Architect Monica Sanga and Japanese designer, Puddle Inc, collaborated to realize Dandelion Chocolate’s first permanent US cafe and retail space outside of San Francisco. Taking cues from the California-based small-batch bean-to-bar chocolate maker’s own process and products, the design team emphasized handcrafted details and honest use of materials to create an oasis of calm on the Las Vegas strip. The final result is an exquisite jewel-box, part retail store, and part café, that showcases Dandelion chocolate and serves hot chocolate, coffee, and pastries. Their Las Vegas expansion joins international locations including Taiwan and Japan and temporary pop-up locations previously in Los Angeles and New York City.
After a complete gut of the previous store, the new design creates a moment of visual relief within the frenetic casino. Coved ceilings echo the highly decorative vaulted ceilings of the Venetian but the bare minimalism provides a counterpoint that mimics the subtle glow of a desert sunrise. Vertical wood moulding implies the striations of wind-swept sand dunes and lends textural interest to a highly restrained palette.
“The Las Vegas Strip is quite an artificial environment, we wanted to bring some of the natural landscape inside. The desert landscape is stunning here but you don’t see that anywhere on the Strip” says local architect Monica Sanga.
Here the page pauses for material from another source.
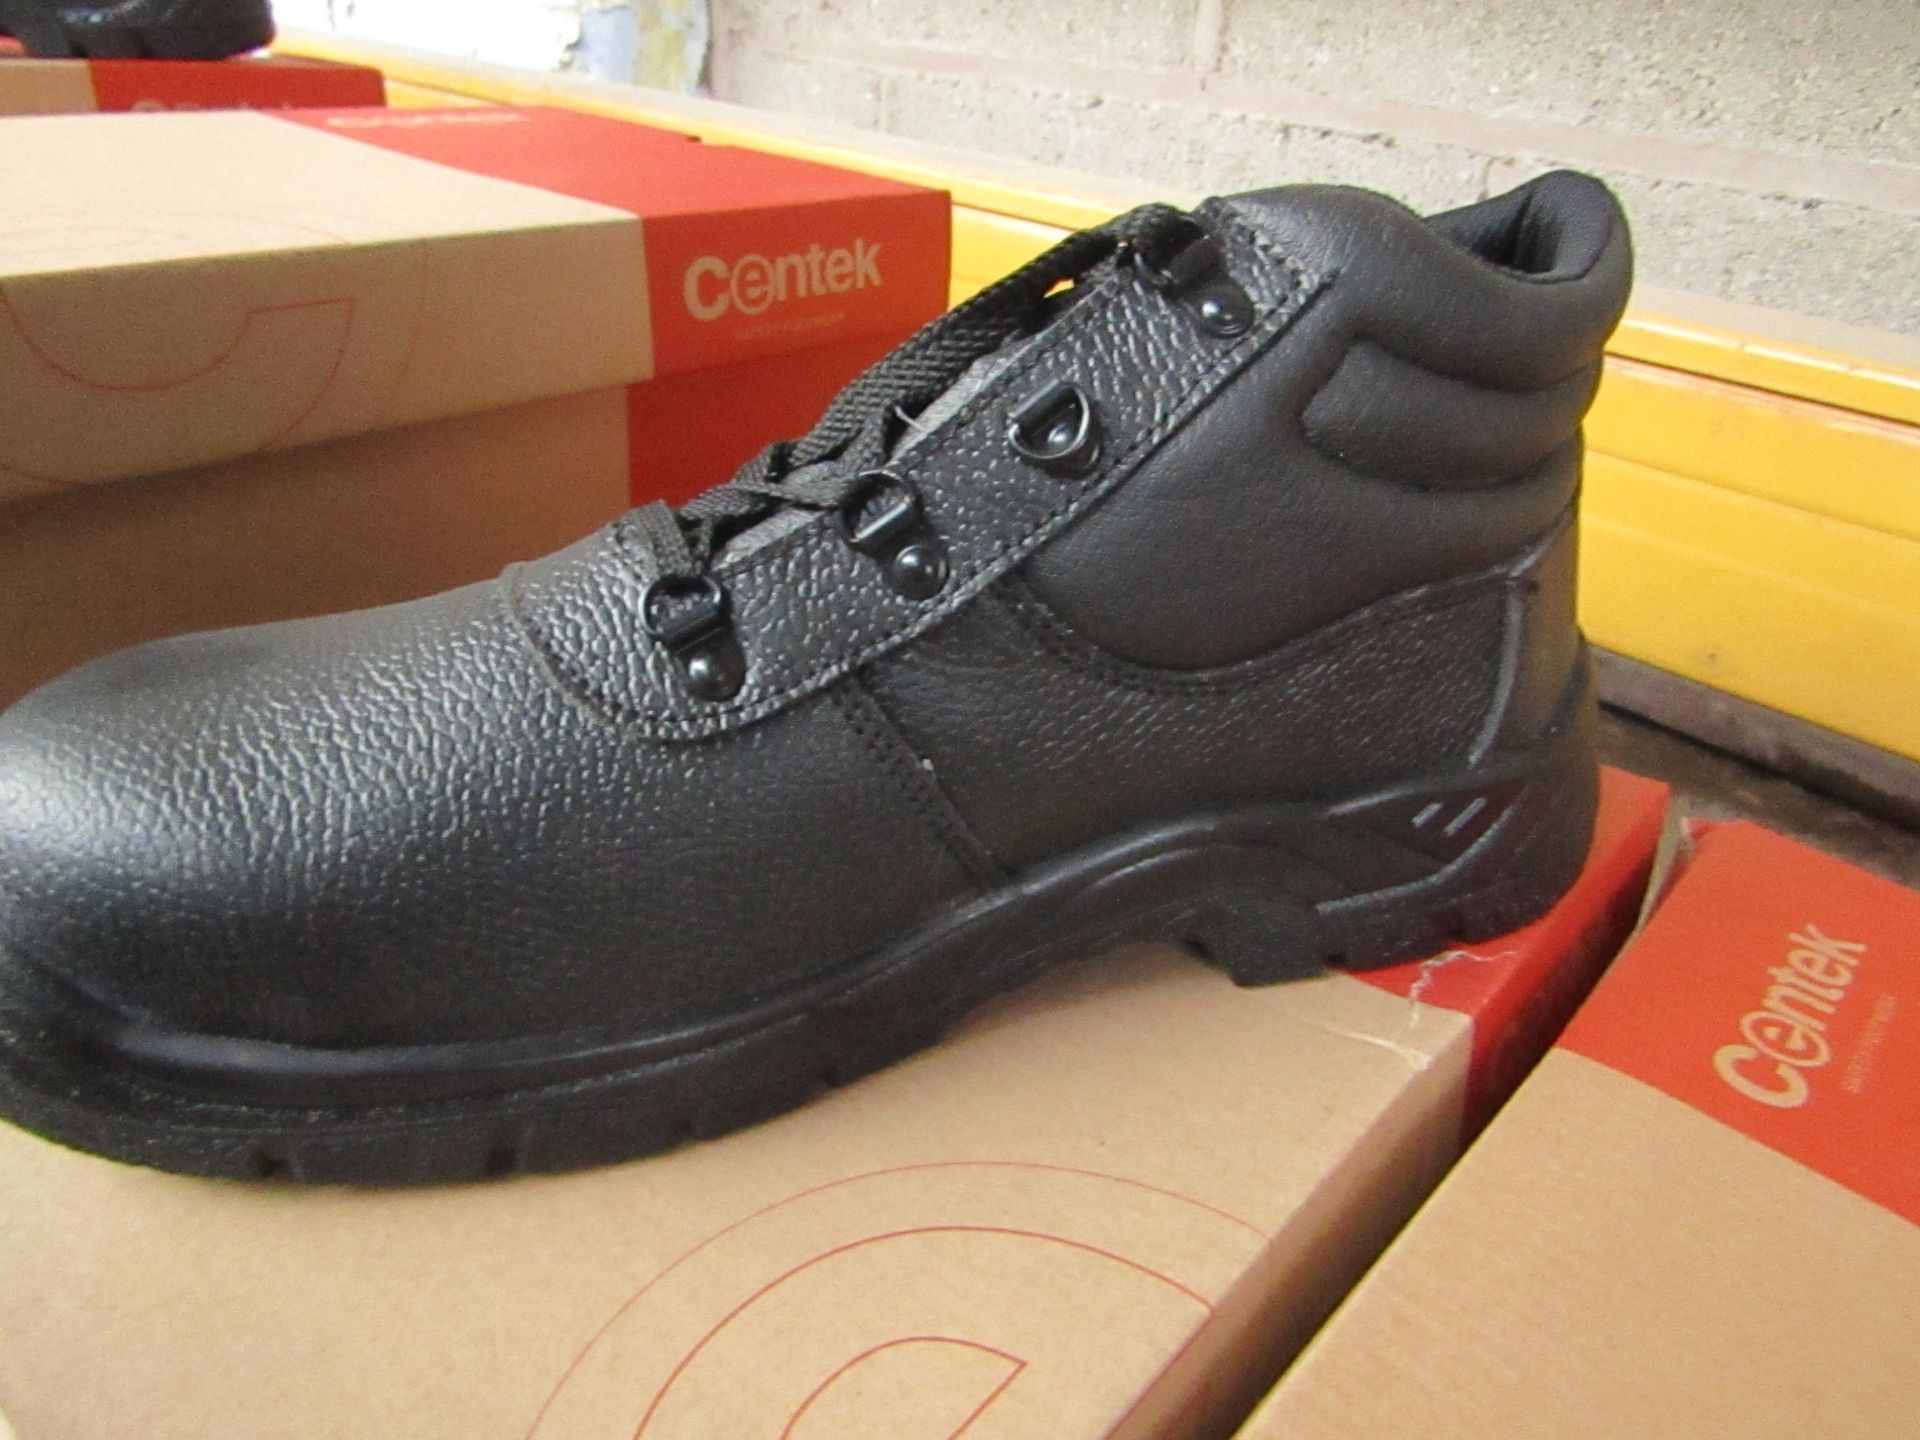 Centek Black Steel Toe Cap Boot size 10 New & Boxed.

Solid copper shelves instead of copper veneer inside welded steel frames create the retail display and cabinetry. The elemental simplicity extends to the custom-milled monolithic stone table that greets visitors at the entrance with chocolate samples.
It is locally-sourced Las Vegas Rock (meta-quartzite) in a sand-blasted finish with a 1/8” solid copper counter-top that will patina over time. A long bench with floating copper tables creates additional seating to maximize the small space. A thermo-formed Corian table with HAY revolver stools provides a rare place of rest near the casino and hotel lobby. Custom-milled metal water-jet cut letters from the menu board. Large pocketing windows and doors allow chocolate smells to waft into the lobby, enticing customers to come inside.